→ **INPUT DATA**
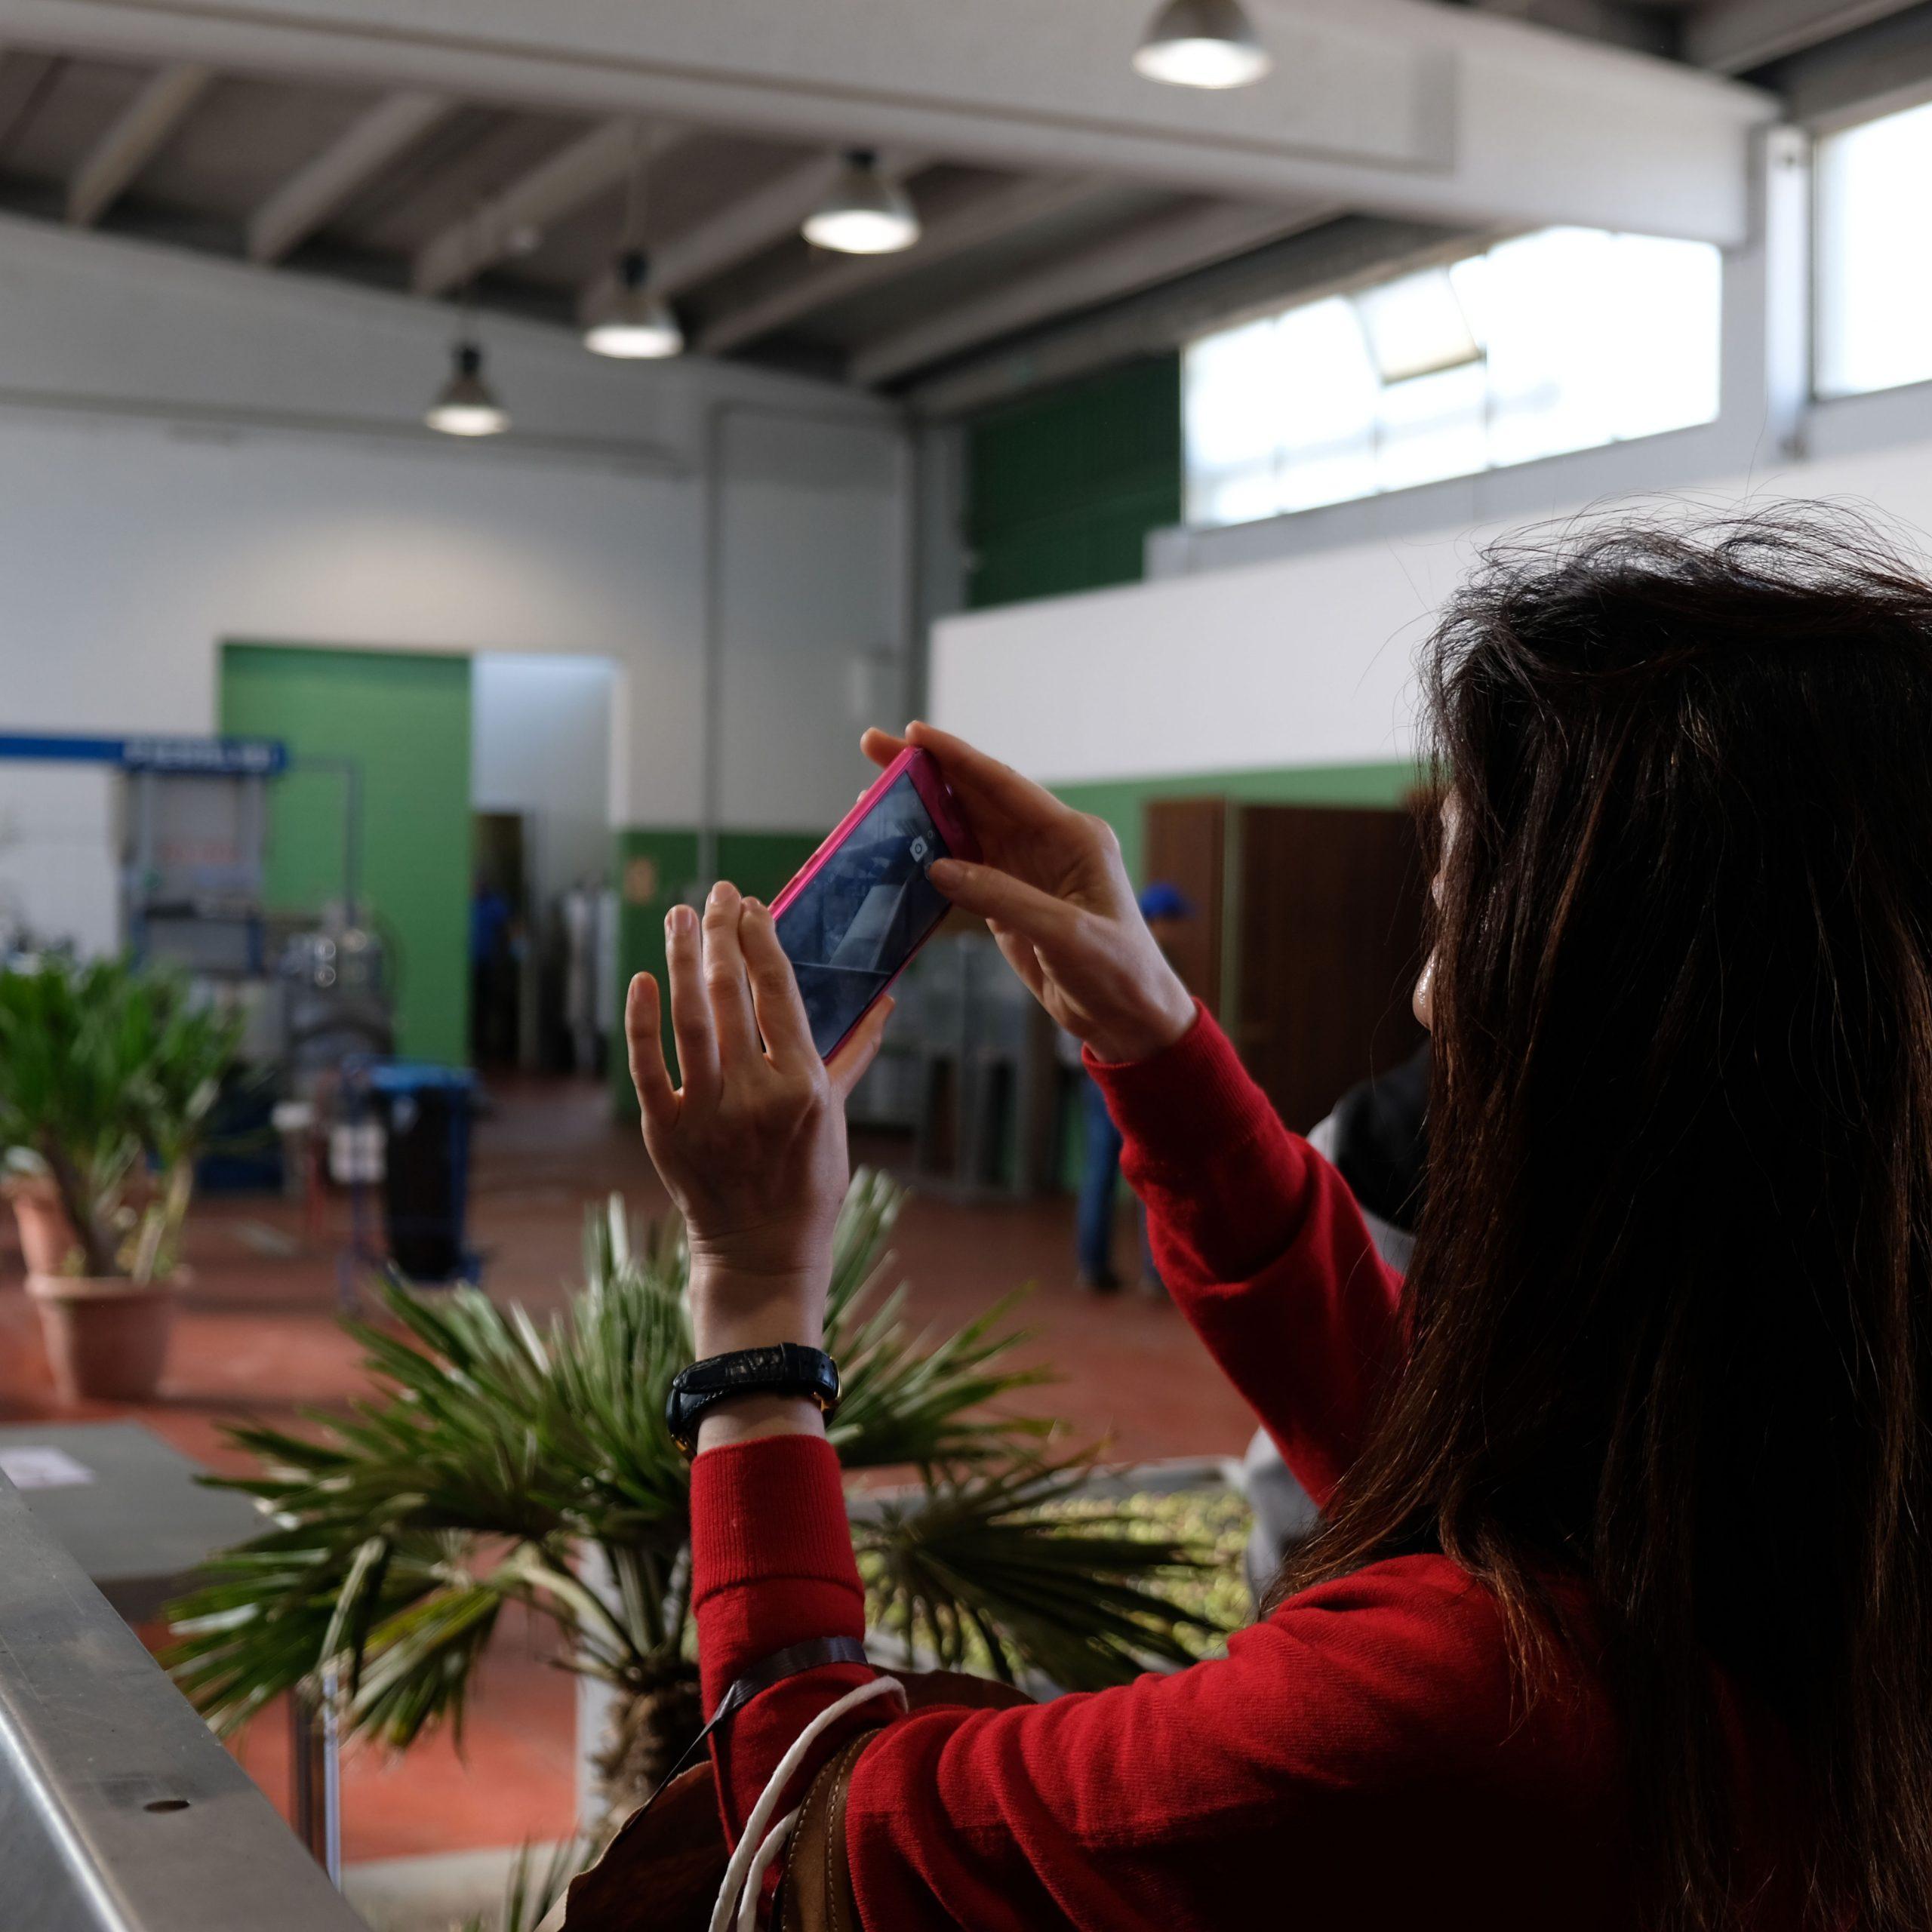 donna fotografa con il cellulare produzione Val Paradiso
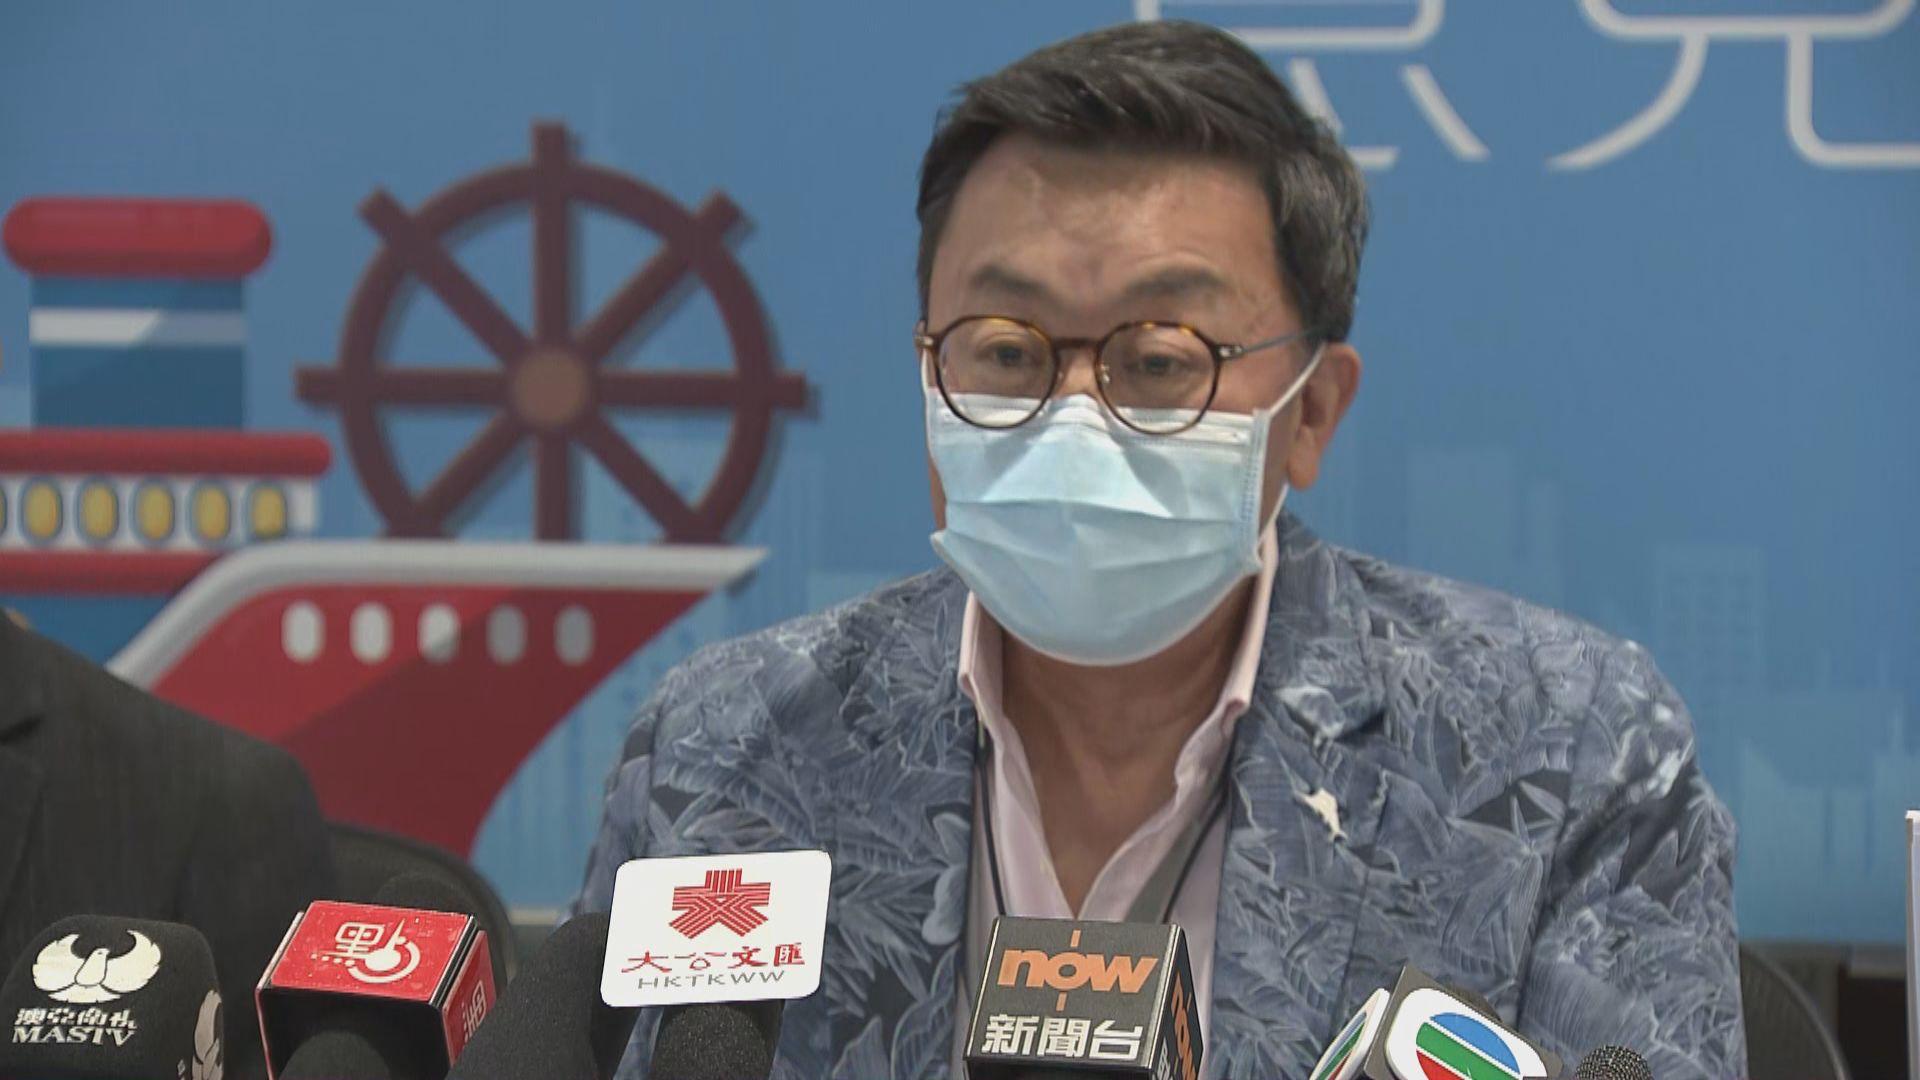 調查稱市民冀放寬本地遊 旅遊業界促政府撤限制
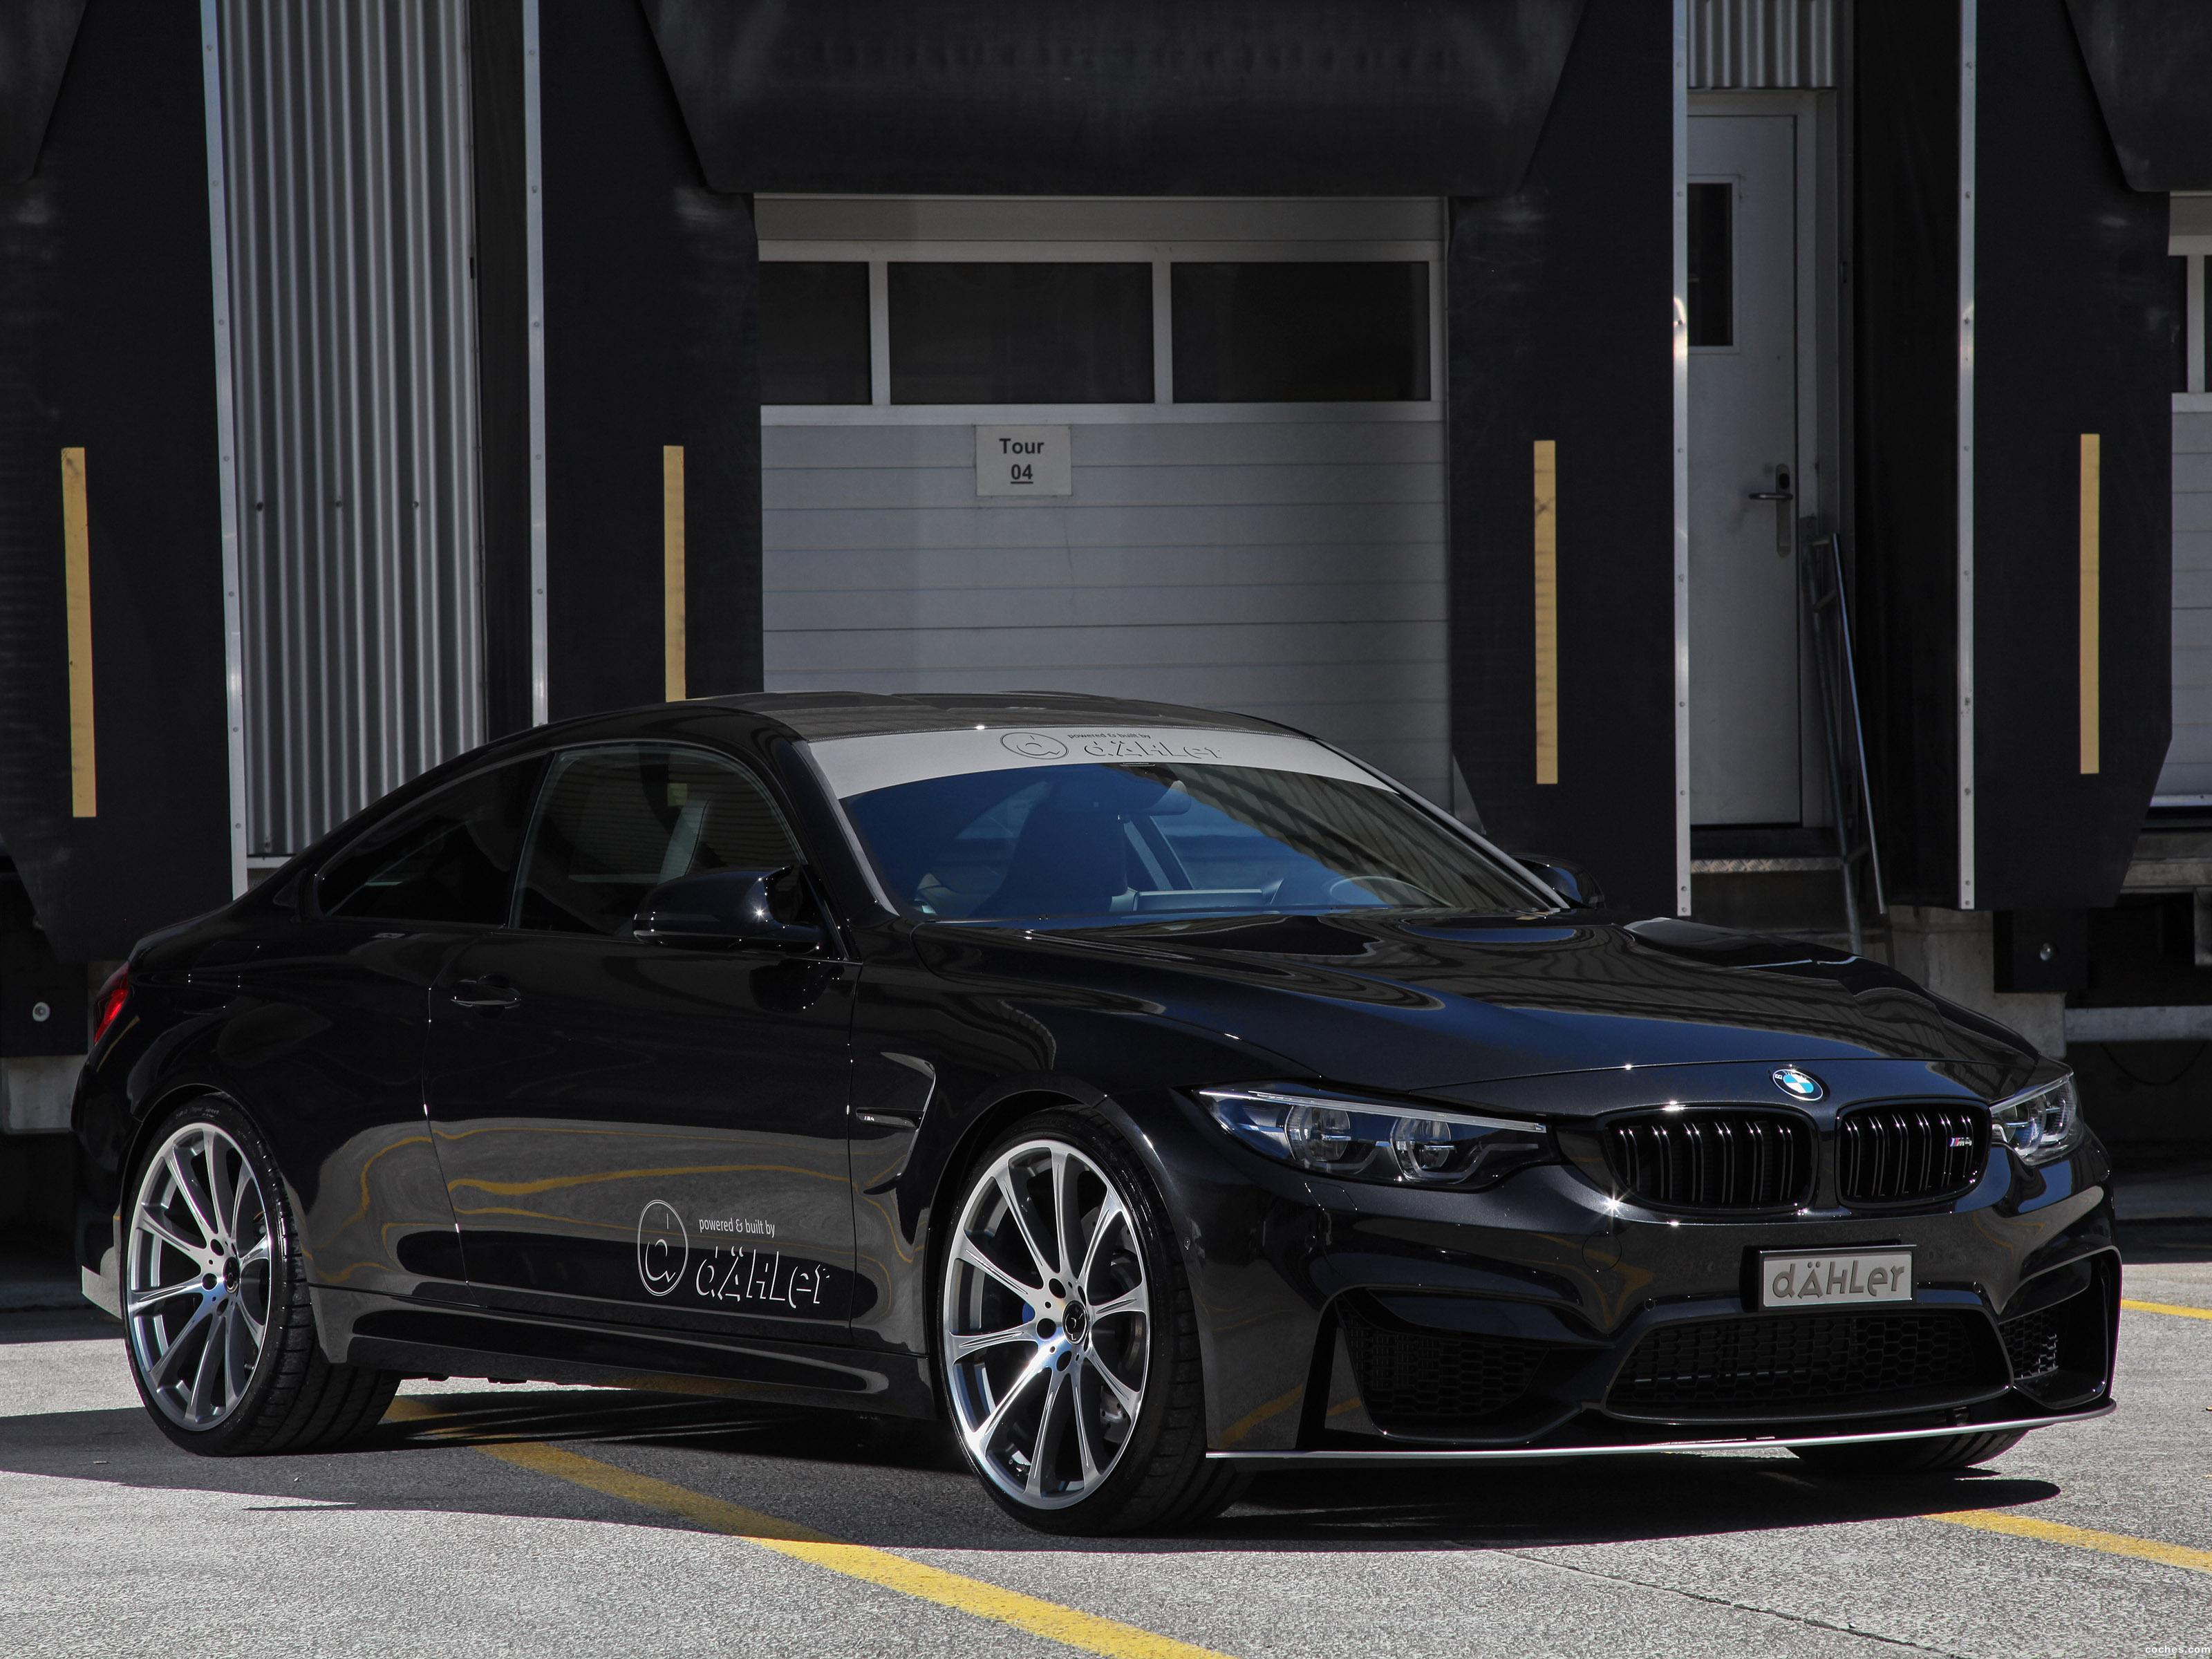 Foto 9 de Dahler BMW M4 Coupe Competition Package F82 2017

→ **TASK**
Pictures excluded, output exactly the line that contains "調查稱市民冀放寬本地遊 旅遊業界促政府撤限制" and every line after it to the end of the data above.

→ **YOUR RESPONSE**
 調查稱市民冀放寬本地遊 旅遊業界促政府撤限制
 Foto 9 de Dahler BMW M4 Coupe Competition Package F82 2017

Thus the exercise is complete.